Desde su primer partido oficial en San Mamés el 4 de abril de 1920 en unos cuartos de final de la Copa, el Real Madrid acumula ya 98 visitas al estadio bilbaíno: 78 en Liga y 20 en el torneo del k.o. Esta cifra coloca a los merengues en una posición de privilegio. Son el equipo del mundo que más veces se ha enfrentado al Athletic en La Catedral. Aunque el resultado de los duelos es favorable a los rojiblancos -han ganado 46, han empatado 18 y han perdido 34-, la igualdad ha sido la nota dominante de unos clásicos que siempre han tenido un voltaje muy alto; algo natural entre dos equipos que nunca han dado un paso atrás en una pelea.

Durante los primeros años, el Athletic hizo valer el factor San Mamés. El Real Madrid, de hecho, no obtuvo su primera victoria en Bilbao hasta la temporada 1928-29. Tras perder por 2-0 en la Liga, que entonces comenzaba su andadura, los blancos se desquitaron en las semifinales de Copa con un sonoro 1-4. Y eso que Juanito Urquizu, por entonces defensa madridista, tuvo el detalle de meterse un gol en propia puerta. Aquella primera derrota en casa ante el equipo de la capital escoció mucho a la afición bilbaína, que se había hecho muchas ilusiones con la Copa. Ahora bien, el chasco no impidió que el público, como señalaba 'Karomte' en su crónica en 'El Pueblo Vasco', aplaudiera mucho a los visitantes.

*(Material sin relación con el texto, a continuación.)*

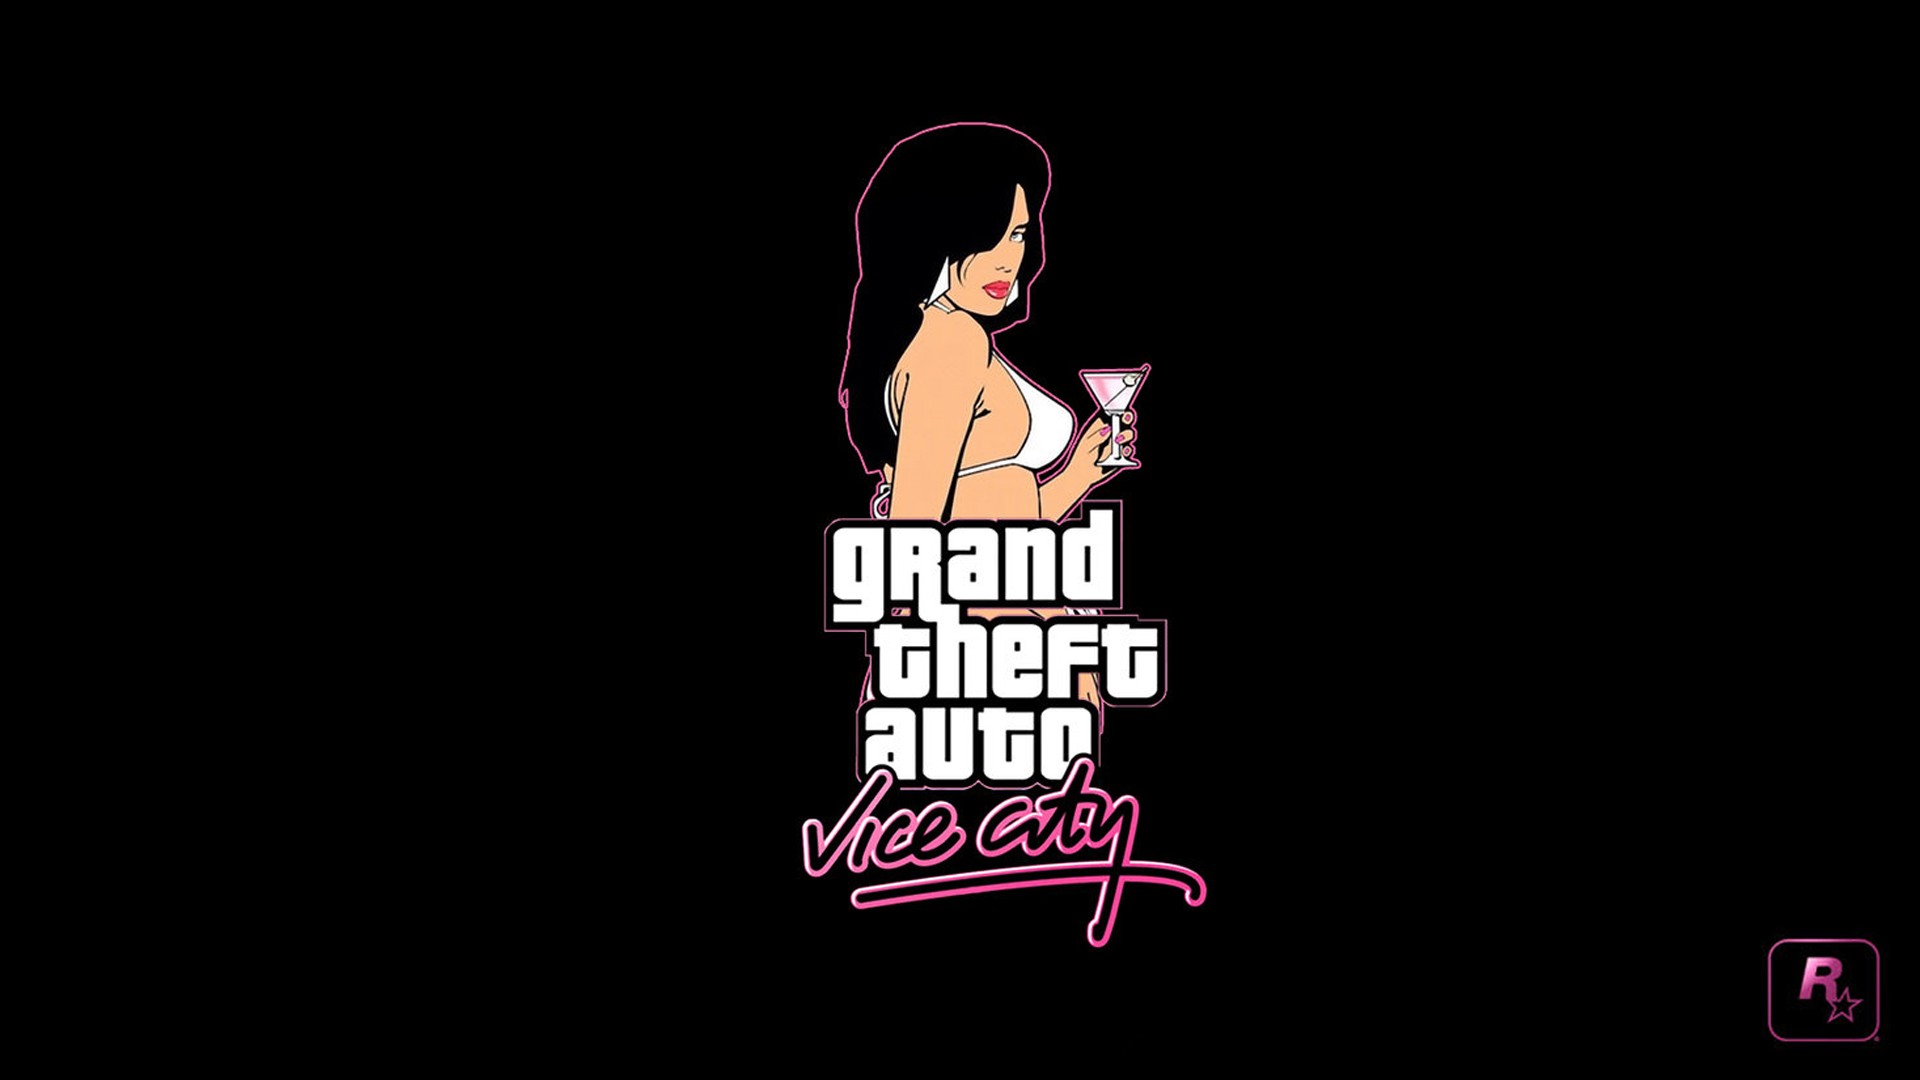 Grand Theft Auto Vice City, Rockstar Games, PlayStation 2, Video Games Wallpaper

Sin duda, eran otros tiempos. La rivalidad entre bilbaínos y madrileños era muy grande, pero los aficionados de entonces veían el fútbol de otra manera, con una perspectiva muy diferente a la actual. Los hinchas del Athletic no dejaban de hacer gala de su paladar exquisito en materia futbolística. Animaban a su equipo, al que exigían como el que más, pero nunca dejaban de valorar el juego del rival. Para ellos se trataba de una simple cuestión de educación, de buenas maneras. Así las cosas, no es extraño que, durante muchos años, durante ocho décadas se podría decir, para los jugadores del Real Madrid la cita de San Mamés fuera una de las más apetecibles de la temporada. Salvo que uno fuese un defensa especialmente leñero y montaraz, pongamos por caso a Benito, Bilbao era una plaza magnífica. «A mí me encantaba jugar en San Mamés. El ambiente era fenomenal y el público nos trataba estupendamente. Cuando jugabas bien, te aplaudían. Daba gusto. En el campo cada uno lo daba todo por su equipo, pero siempre con nobleza», recuerda José Martínez, Pirri, que entre 1964 y 1980 libró grandes batallas en La Catedral.

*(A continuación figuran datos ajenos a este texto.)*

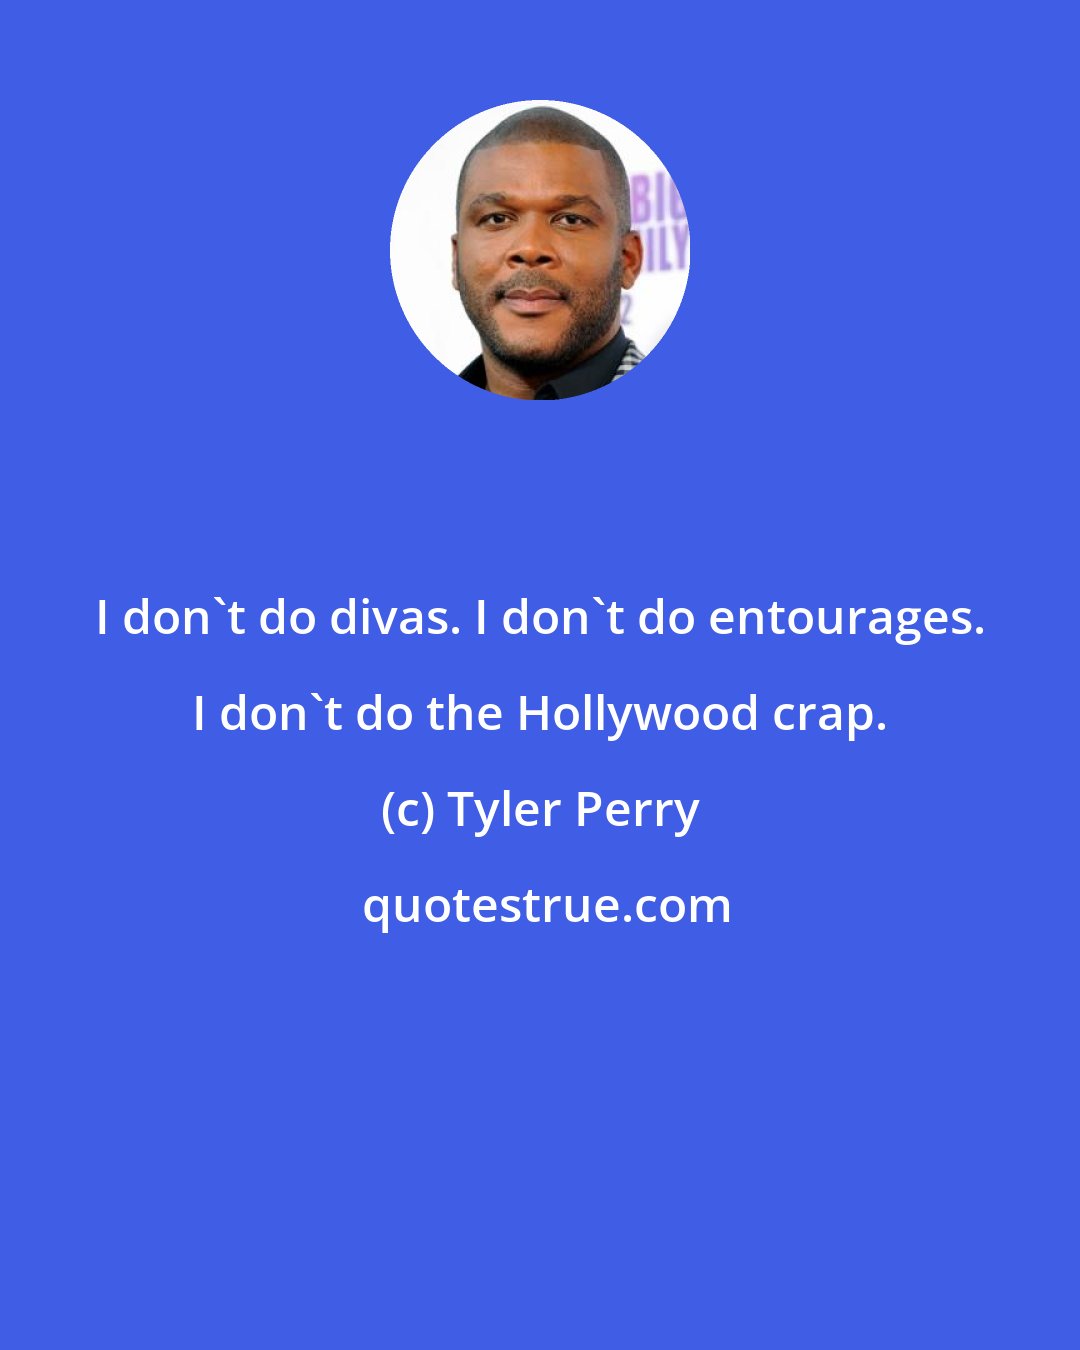 Tyler Perry: I don't do divas. I don't do entourages. I don't do the Hollywood crap.

La opinión de Pirri la comparten otras dos leyendas del Madrid que tenían el partido de Bilbao marcado con una equis en el calendario: Amancio y Santillana. El extremo gallego, una pesadilla para los aficionados rojiblancos durante quince temporadas, sufrió y disfrutó mucho en San Mamés. «Si me preguntas por mi época, sólo tengo buenas palabras. El de San Mamés era uno de los partidos que más me apetecía jugar. Mis recuerdos son magníficos. Los dos equipos dábamos el 100%, que es algo en lo que el Athletic y el Real Madrid nos hemos parecido siempre. En Bilbao se nos trataba muy bien y tenía allí buenos amigos como el Chopo, Koldo, Uriarte, Aranguren o el 'Polvorilla'. ¿Sabes quién es? Ja, ja». Amancio hace memoria y se detiene en dos partidos concretos. «Uno fue la barrida por 5-0 que nos metieron un año (fue en 1970) y otra una vez que ganamos por 1-2 y el primer gol nuestro se lo marcó Aranguren en propia puerta. Cedió el balón a Iribar y, cuando el Chopo iba a despejar, le botó mal y le pasó por debajo de las piernas. Instintivamente, me fui a abrazar a Txutxi», cuenta.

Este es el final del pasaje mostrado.